Another resident, in the City of Tshwane, said that she believed that she was being overcharged.

“For my small household, I pay as if I am in a standalone house. But the town is filthy, streetlights don’t work,” she said.

But Tshwane’s MMC for Finance Peter Sutton said that the city was heavily reliant on revenue collection to function.

“I mean without the payment from residents, the municipality would not be able to pay for the services we provide,” Sutton said.

Meanwhile, in the City of Johannesburg, spokesperson for the infrastructure department, Nickolaus Bauer, said that while they were sensitive to the economic pressures, rehabilitating the metro’s infrastructure and reducing the reliability on the beleaguered Eskom would require cooperation from the consumer.

“We need to get to a point where we embrace paying for services in the City of Johannesburg. That will go a long way not only in providing sustainable services but affordable services for all,” Bauer said.

He said that R1.6 billion of the city’s new budget would go towards developing City Power infrastructure, which had all but crumbled under the more frequent and ramped-up stages of blackouts.

CULTURE OF NON-PAYMENT NEEDS TO CHANGE

The City of Tshwane said that the theft of electricity and increasing attacks on municipal infrastructure contributed to a growing culture of non-payment for services but this limited the city’s ability to improve service delivery and created a vicious cycle of struggling municipalities and frustrated consumers.

As of last Friday, 1 July, ratepayers under Tshwane now pay 7.74% more for electricity, 9% more for water and sanitation and an added 6% on property rates and waste collection.

Meanwhile, in the City of Johannesburg, efforts are under way to minimise dependency on Eskom, which provides 90% of the metro’s energy but has added to the city’s woes as City Power laments the destructive impact of regular power cuts on its infrastructure amid growing incidents of vandalism too.

Both Tshwane and Joburg say that there are programmes to assist those who can’t afford to pay rates, however, for service delivery to improve those who can must do so.

Tshwane’s Finance MMC Alderman Peter Sutton said that in their bid to promote compliance they would be continuing the “Tshwane ya tima campaign”, which saw government departments, businesses, embassies and residents cut off for non-payment, as the city tries to recoup the R17 billion owed to it by customers.

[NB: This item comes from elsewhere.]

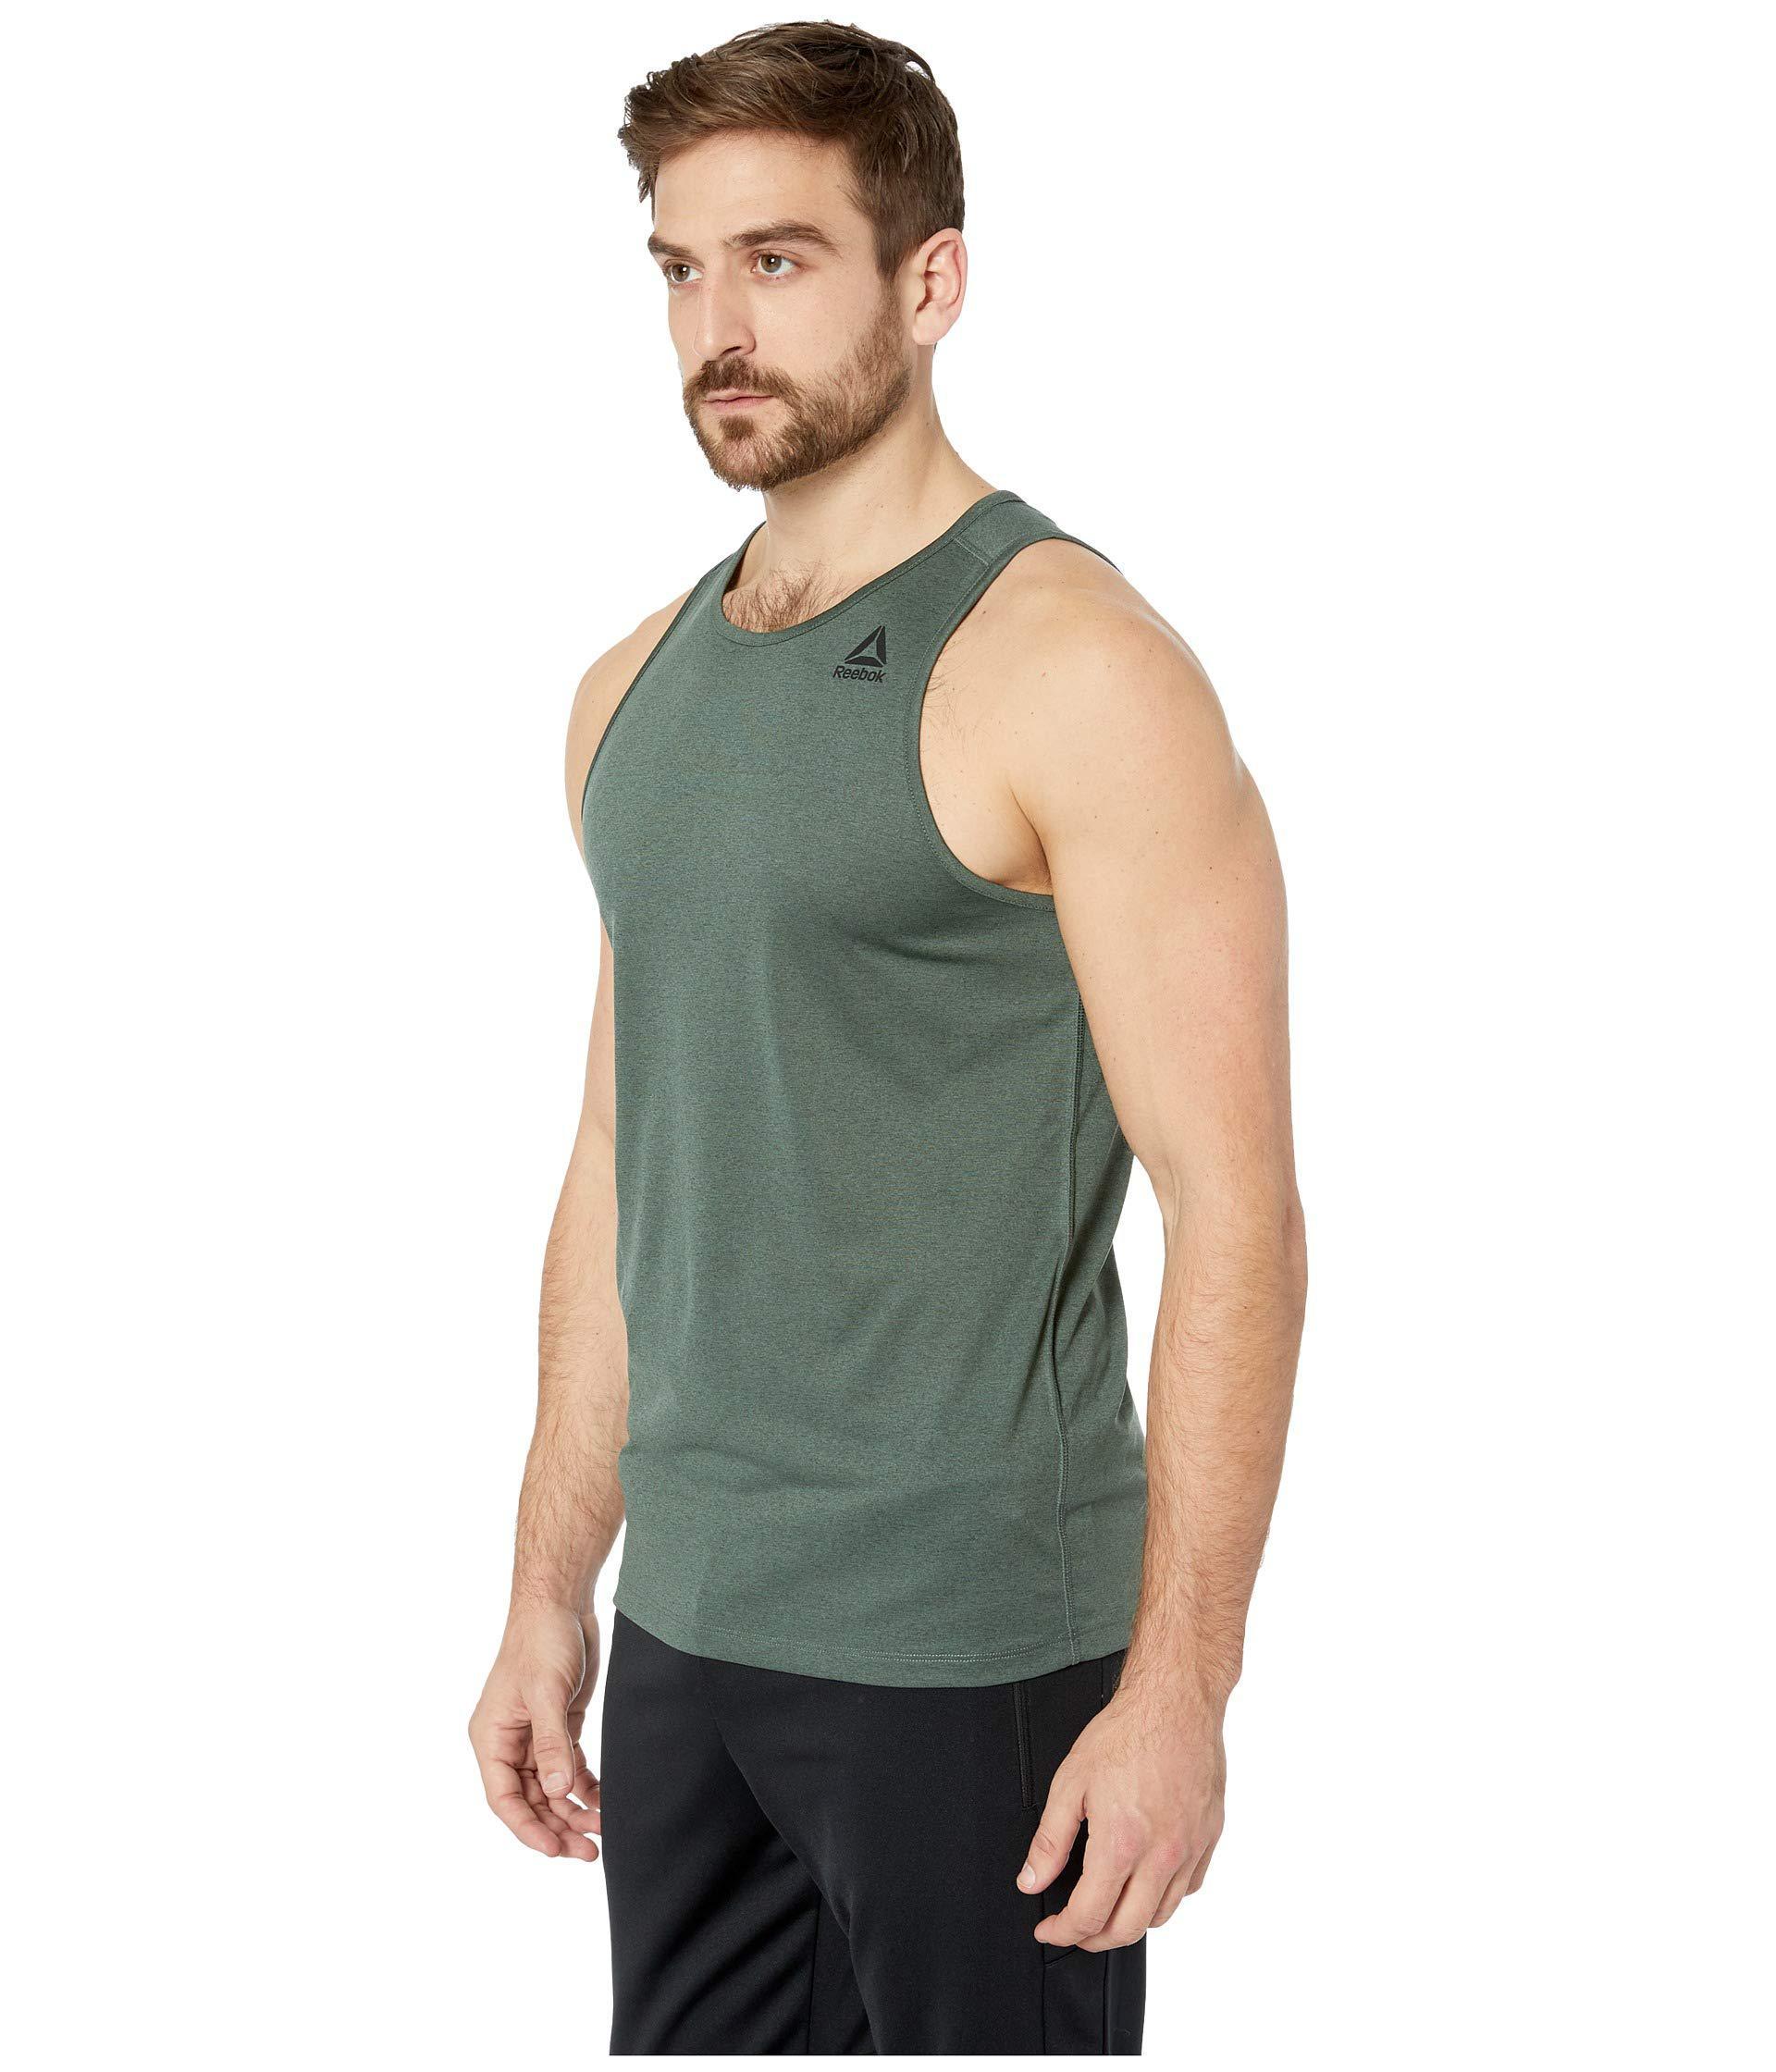 ed21592555f9c3 Lyst - Reebok Melange Sleeveless Tee in Green for Men - Save 6%

“Many people are reluctant or they feel they don’t want to pay because the services are not of a very high quality but again, the services can’t be of a high quality if we have a culture of non-payment and a R17 billion debt,” he said.

This comes as Eskom rejects the municipality’s offer for a payments settlement arrangement for the more than R870 million it owes.

Eskom’s Amanda Qithi Banyaang explains: “The city failed to pay a total amount of R908 million, which was due and payable by 17 June 2022. The municipality only made a payment of R30 million for the month of June 2022.”

Meanwhile, in the City of Joburg, where energy entity, City Power, battles organised attacks on its infrastructure, the spokesperson for the infrastructure MMC, Nickolaus Bauer, said that collaborative efforts with communities and law enforcement agencies were but one way that they were trying to curb such crimes. However, revenue collection remained an integral part of safeguarding and even improving.

“We understand the pressures that people are facing financially but if you do not pay for your services, the City of Johannesburg’s ability to provide quality and even sustainable services for the short and medium and long term are going to be severely curtailed,” Bauer said.

At the same time, Tshwane’s Alderman Sutton said that with the economic situation not expected to improve anytime soon and the ratepayer base declining, they were looking at alternative ways of generating revenue.